Did you used to work at with motorcycles?! If so I think I dealt with you a couple of years ago with my 123d!


----------



## Matty77

bigmac3161 said:


> The signs are a good idea, i told the receptionist i didn't want mine washed at its 1 year service and she put it on the work sheet. So guess wot it came back washed . And on a baking hot day by the time i got home it was plastered in water marks luckily that was all.


I would have gone ferkin mad!!!! :devil:


----------



## DLGWRX02

I've just emailed the dw don't wash poster


to my mum she has her merc detailed by a professional on a monthly basis and is in better condition now than when she bought it bran new from Mercedes, its going in for a service this week and last year she suffered the same horror stories as a lot of you guys, the detailer went nuts hen he saw what they had done.

quick pic of the merc


----------



## nick3814

Crikey! That's lovely in red, not a colour that usually suits a Merc IMO!

Since buying my Renaultsport Megane new in 2011 I've posted the DW don't wash sign in the windscreen on the 3 times it's been to the dealer, also made a point of having her in freshly washed and detailed condition each time so its obvious she doesn't need a wash.
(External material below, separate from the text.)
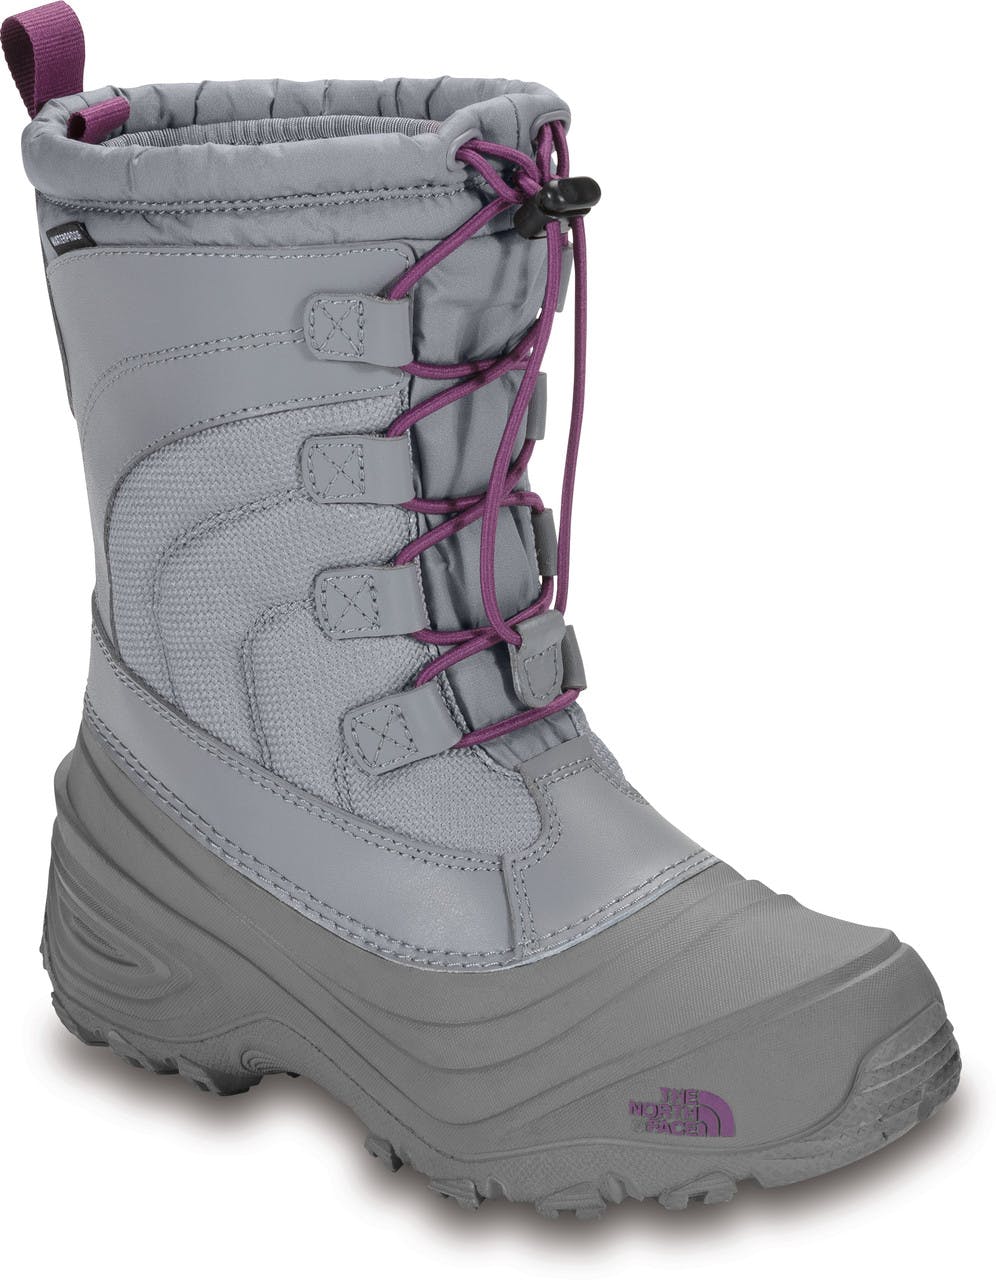 Alpenglow IV Waterproof Winter Boots Frost Grey/Wood Violet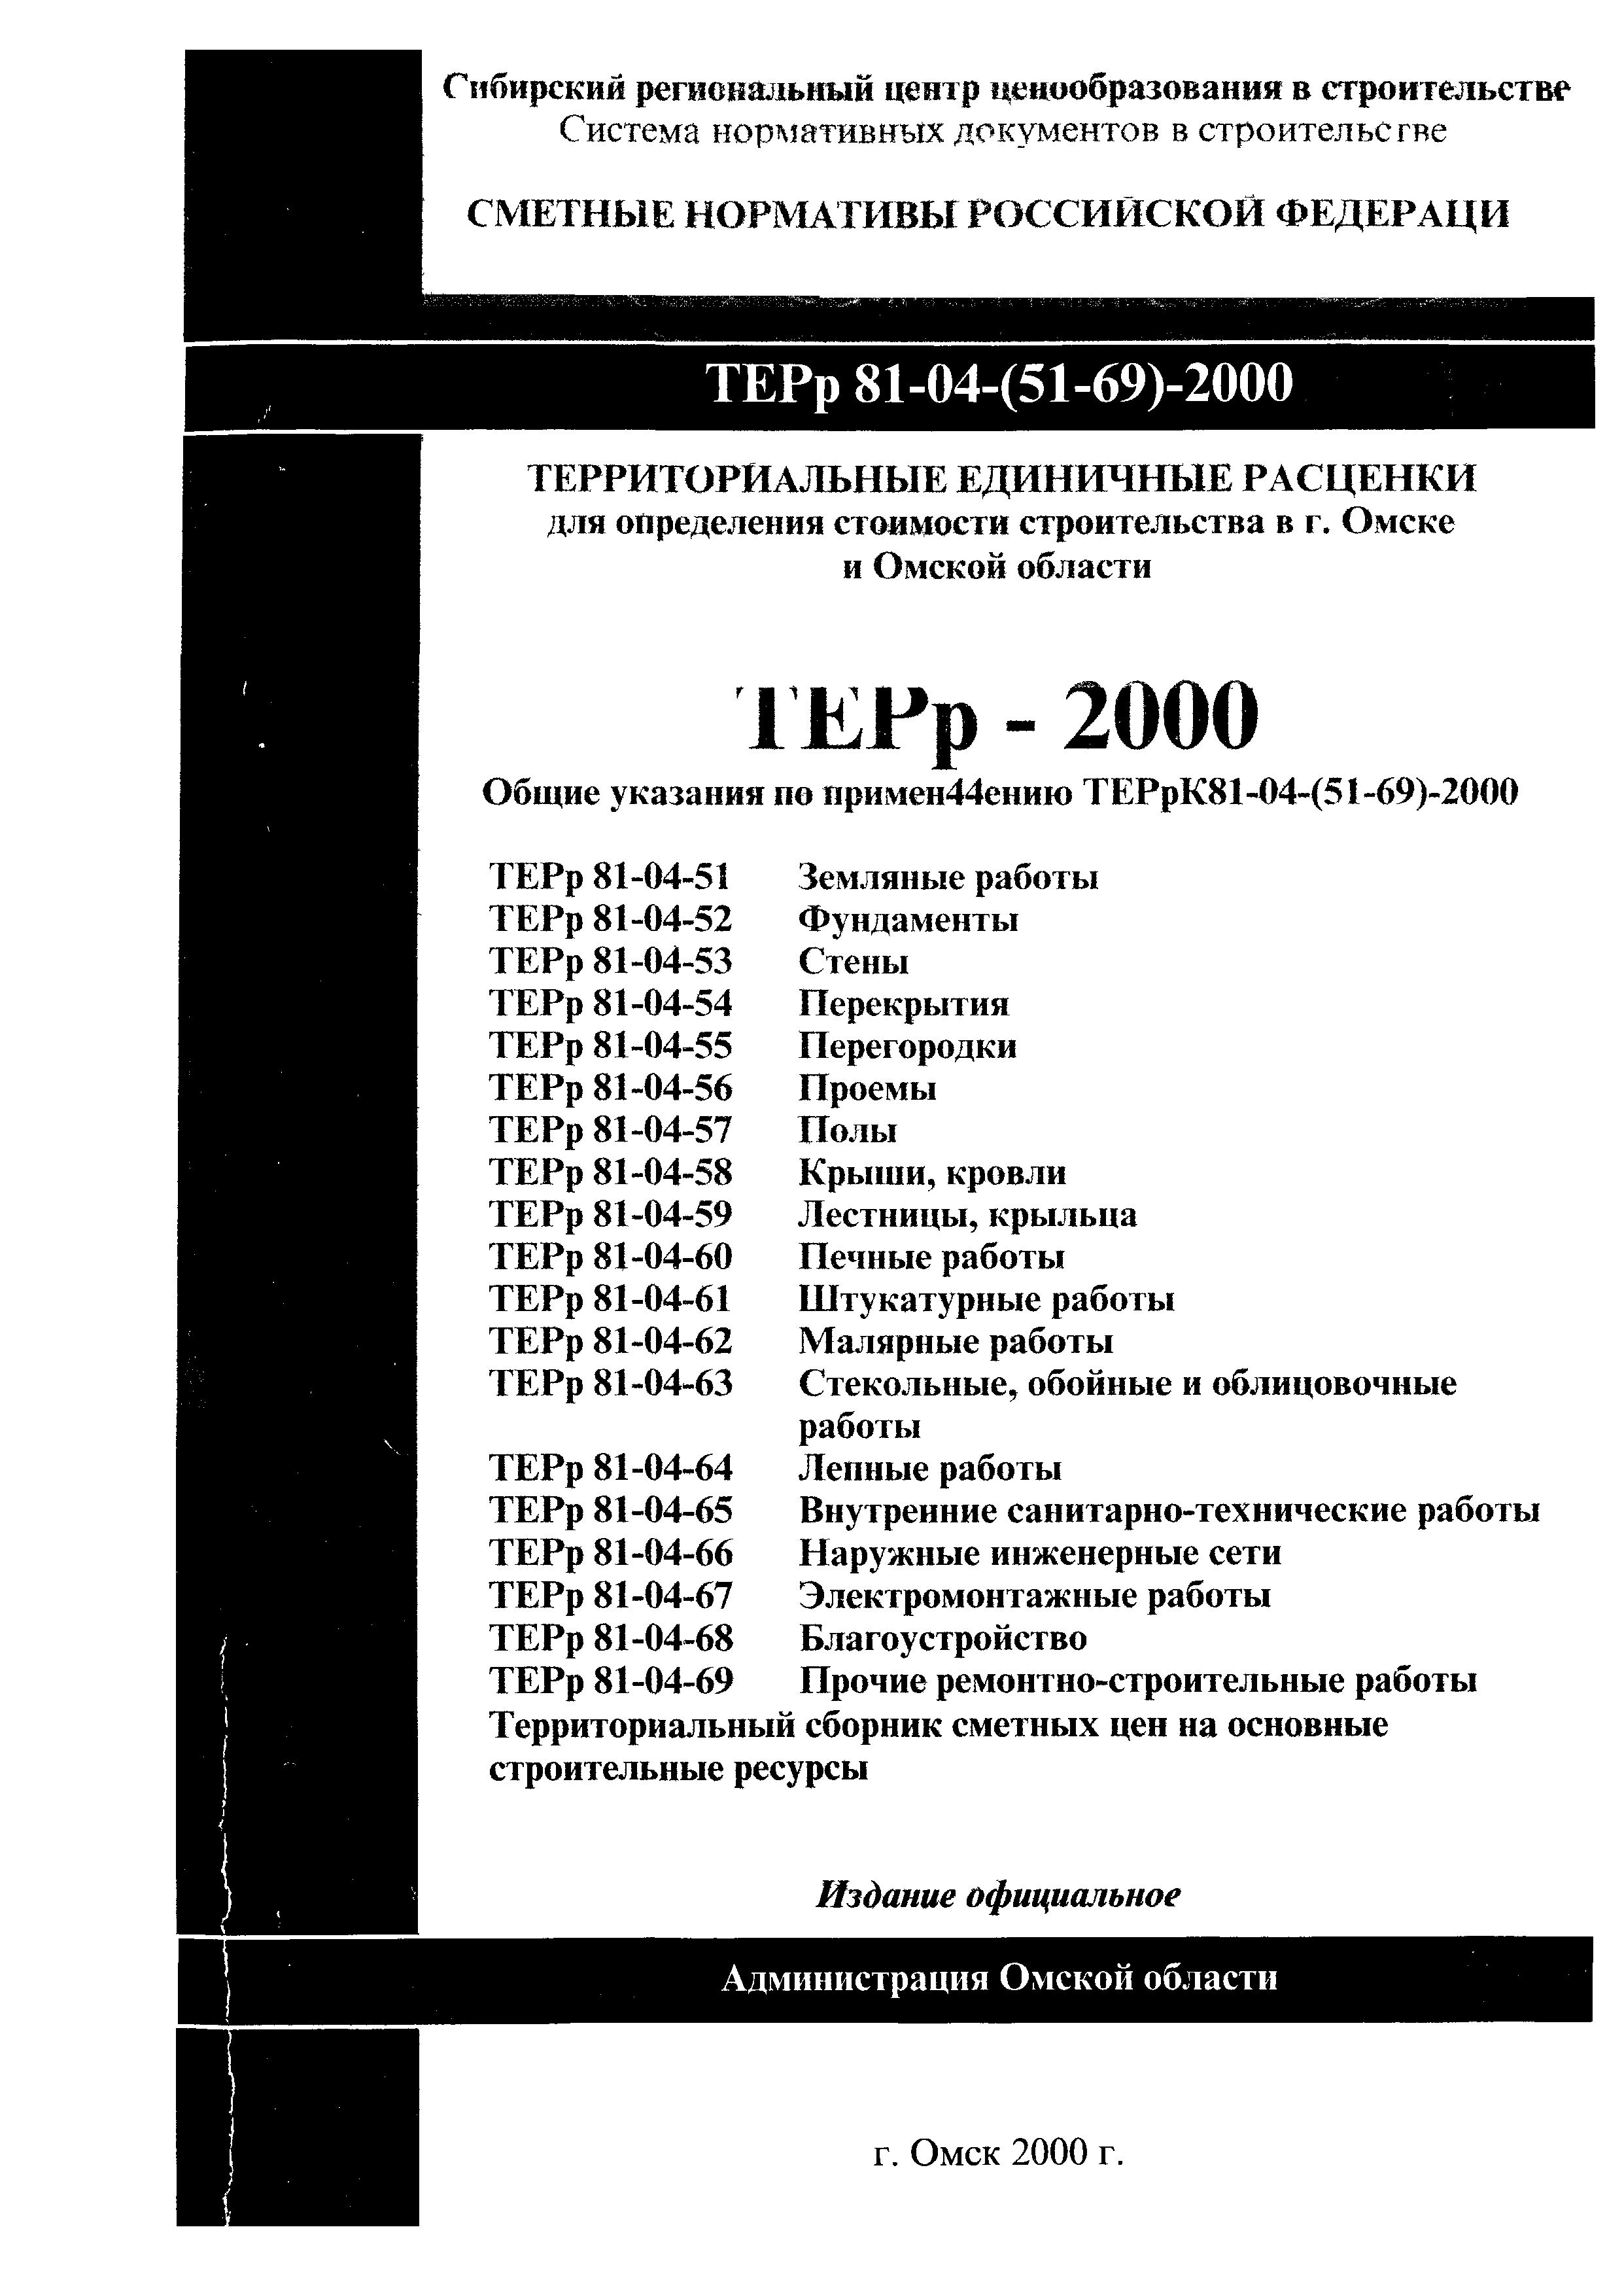 ТЕРр Омской области 2000-57

Spoke to the service staff face to face too and they write all over the work sheet "do not wash" I think they thought I was funny the first time I told them but they're use to me now :lol:

Will be doing exactly the same next year when the liquid yellow Renaultsport Twingo goes in 

I wouldn't care I still sit and watch the whole service carried out through their viewing booth whilst drinking their coffee :lol:

Love my motors so much.......


----------